Retrieval: Returns four vectors with semantic similarity to our embedding query.
These four vectors correspond to four chunks in the datastore.

In this example, retrieval would likely return chunks about oversized sports equipment and baggage allowances.

A first step in optimising RAG is tuning retrieval quality by running test questions, inspecting the top-K chunks returned, and measuring recall and precision.

Remember

Recall: Did we pull all the relevant chunks? Did we miss anything?
Precision: Did we avoid pulling in irrelevant chunks?

MCP 101

Model Context Protocol

MCP is a protocol (or a standard) for exposing tools (APIs, database queries, internal services) to an agent or application using an LLM. The model decides what to call and which parameters to send, but the underlying system does the work and returns a structured result.

MCP is right for “I need to fetch/compute/act via specific systems (DBs, APIs) in a standardised way.”
(“I need Sam’s loyalty balance”, “Search flights”, “Create a rebooking case.”)

MCP is not the best solution for “I need to construct an answer to a question using context held in natural-language business documents” (Case notes, PDFs, Wikis, etc.), and cite it. That is a RAG problem, as here the focus is on retrieving the right passages and grounding the answer in them, not invoking (calling) the downstream system.

MCP Server

This is the core component of an MCP pattern. It avoids the traditional complexity of creating numerous bespoke integrations for every client or agent. It acts as a tool gateway and publishes a consistent catalogue of tools and their schemas to any MCP-capable client (e.g., an agent using an LLM). The MCP server will manage the calls to the underlying systems and normalise (translate) the inputs and outputs.

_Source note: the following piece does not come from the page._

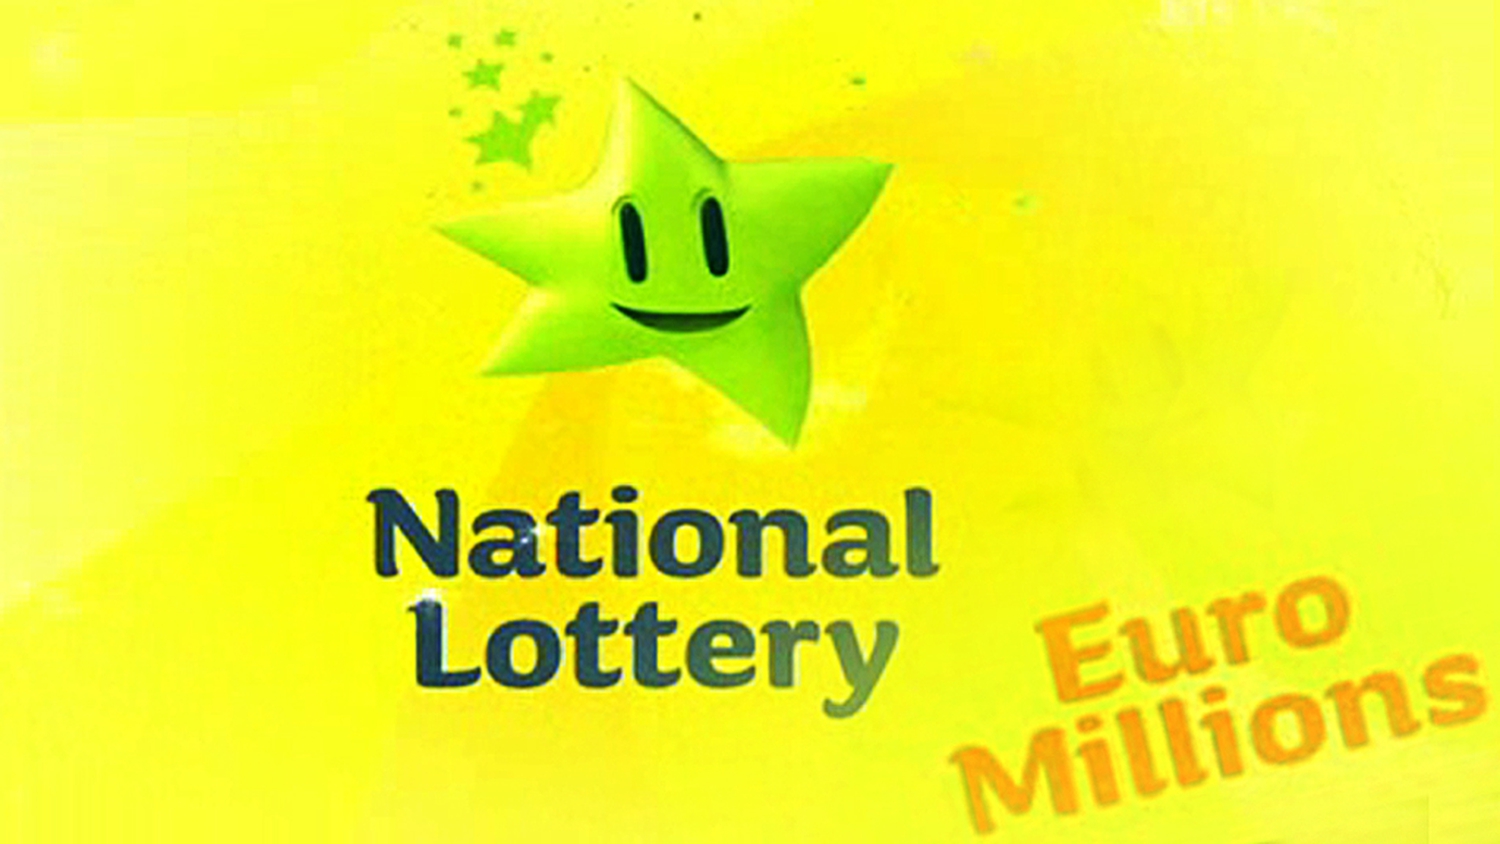 rte euro lotto results

In practice, most teams also gate “write” actions (rebooking, refunds, case creation): the model can propose a call, but the application controls execution for safety and auditability.

Example

Sam says, “My flight is cancelled, and I am Gold - Book me on the next flight!!”
The model sees the request from Sam and proposes a tool call or calls: create_rebooking(...) against the booking tool and sends Sam’s details in the call.
The application/agent runtime checks the proposal before it is executed:
- Is this user authorised?
- Do the parameters look sane? (Is this the correct ‘Sam’? Does the policy allow this?)
- Where should we audit/ log it?
- Should there be a human approval?
Only when these checks are passed do the real system(s) get called.
A result comes back {rebooking approved} (as structured data) to be explained to the user (in plain English) by the model.
This is how teams keep tool use safe, auditable, and deterministic, especially for write actions.

Note

MCP servers are specifically for LLM-to-tool use cases. Integration layers, GraphQL, APIs, and more are still the right choice for many enterprise architecture use cases.

Without an MCP Server

You might have your bookings database, loyalty database, Customer Data Platform, CRM, and more, all directly integrated into each application or every client/agent. A change to a model or the addition of a new feature to your client applications (like a booking system) requires complex, often difficult decoupling and recoupling of systems.

With an MCP Server

You have a consistent way to describe and expose business systems to LLMs:

What tools exist (e.g., get_loyalty_balance, search_flights, create_rebooking_case)
What inputs they take (a typed schema)
What they return (structured outputs)
How a client should call them (a predictable request/response shape)

Now your integrations are portable. You can swap models or client applications without rewriting the entire ‘tool layer’ because the tool interface is standardised behind MCP.